On October 31, 2011, the defendant filed a motion for sentence reduction pursuant to 18 U.S.C. § 3582(c), based on the Fair Sentencing Act and Amendment 750 to the sentencing guidelines. The Court denied that motion because, notwithstanding the changes wrought by Amendment 750, the applicable offense level under the amended guidelines was the same as the offense level applied by the Court at the original sentencing. On October 19, 2012, the defendant filed a second motion to reduce sentence, seeking the same relief, under the same authority. The Court denied the second motion for the same reasons that it denied the first.

On September 14, 2015, the defendant filed a third motion to reduce sentence. In his third motion, the defendant asks the Court retroactively to apply the revised guidelines enacted by Amendment 782 to the sentencing guidelines, which were made retroactive by the 2014 Drug Retroactivity Amendment. Under 18 U.S.C. § 3582(c)(2), a court may modify a term of imprisonment after it is imposed only under certain conditions:

[I]n the case of a defendant who has been sentenced to a term of imprisonment based on a sentencing range that has subsequently been lowered by the Sentencing Commission pursuant to 28 U.S.C. 994(o), upon motion of the defendant or the Director of the Bureau of Prisons, or on its own motion, the court may reduce the term of imprisonment, after considering the factors set forth in section 3553(a) to the extent that they are applicable, if such a reduction is consistent with applicable policy statements issued by the Sentencing Commission.

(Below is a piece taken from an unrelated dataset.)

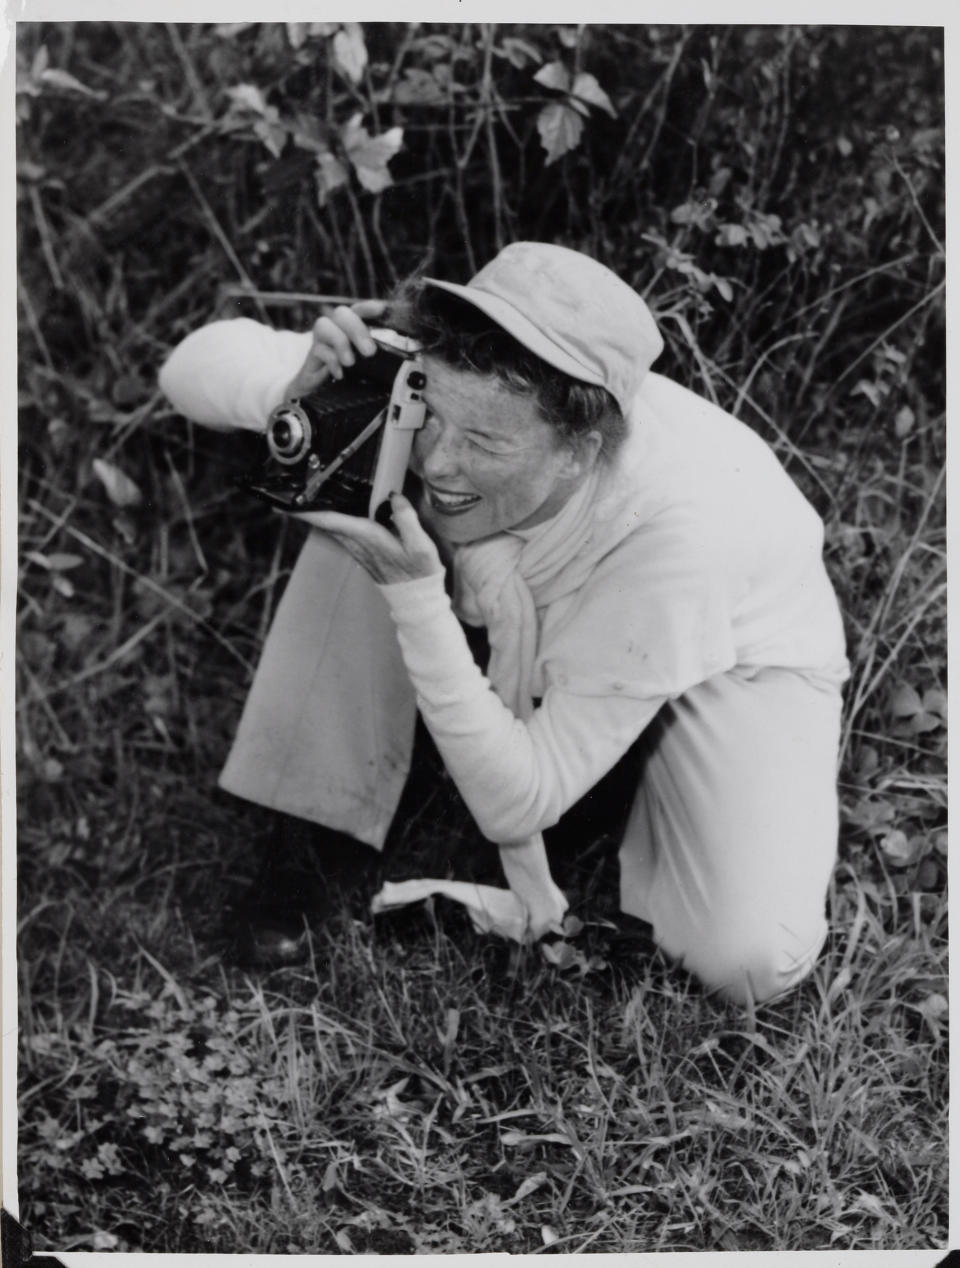 FILE - This picture provided by The New York Public Library shows Katherine Hepburn taking a picture in a photo from her scrapbook of her 1955 Old Vic Australian tour. "The fact that she wore slacks and wanted to be comfortable influenced women's ready-to-wear in the United States," said Jean Druesedow, director of the Kent State University Museum, which was given 700 items from Hepburn’s estate. (AP Photo/The New York Public Library)

Section 1B1.10(a)(2) of the Sentencing Guidelines provides that a defendant is not eligible for a sentence reduction if the amendment to the Sentencing Guidelines — in this case, Amendment 782, which was made retroactive by the 2014 Drug Retroactivity Amendment — "does not have the effect of lowering the defendant's applicable guideline range." U.S.S.G. § 1B1.10(a)(2)(B).

The defendant's original sentence of 140 months in custody was based in part on a sentencing guideline range of 130 to 162 months. He was held accountable for 5 kilograms of powder cocaine and 50 grams of crack cocaine, and his guideline range was calculated accordingly. Under the Drug Quantity Table in the former Sentencing Guideline Manual, 5 kilograms of power cocaine equaled 1,000 kilograms of marijuana equivalency, and 50 grams of crack cocaine equaled 1,000 kilograms of marijuana equivalency. The total of 2,000 grams of marijuana equivalency yielded a base offense level of 32 under the Drug Quantity Table. However, because the quantity was determined by combining the amounts of two different controlled substances, the Guideline Manual in effect at the time allowed for a two-level reduction, which yielded a base offense level of 30.

Under the 2014 Drug Retroactivity Amendment, 5 kilograms of powder cocaine still equals 1,000 kilograms of marijuana equivalency, but 50 grams of crack cocaine equals 178.55 kilograms of marijuana equivalency, for a total of 1,178.55 kilograms of marijuana equivalency. Under the current Drug Quantity Table, the guidelines call for a base offense level of 30. However, there is no corresponding reduction for the effect of combining quantities of two different drugs. The defendant's base offense level of 30 under the current guidelines is the same as the base offense level calculated under the guidelines in effect at his original sentencing. He therefore is ineligible for a reduction in sentence under 18 U.S.C. § 3582(c)(2) because his recalculated sentence would be unaffected by the guideline amendments. See United States v. Snipes, 385 F. App'x 483, 486 (6th Cir. 2010) (holding that defendant was not eligible for sentence reduction where the applicable guideline range after considering the effect of the amendment to the Sentencing Guidelines was identical to the original guideline range under which the defendant was sentenced).

Accordingly, it is ORDERED that the defendant's motion for sentence reduction [dkt. #468] is DENIED.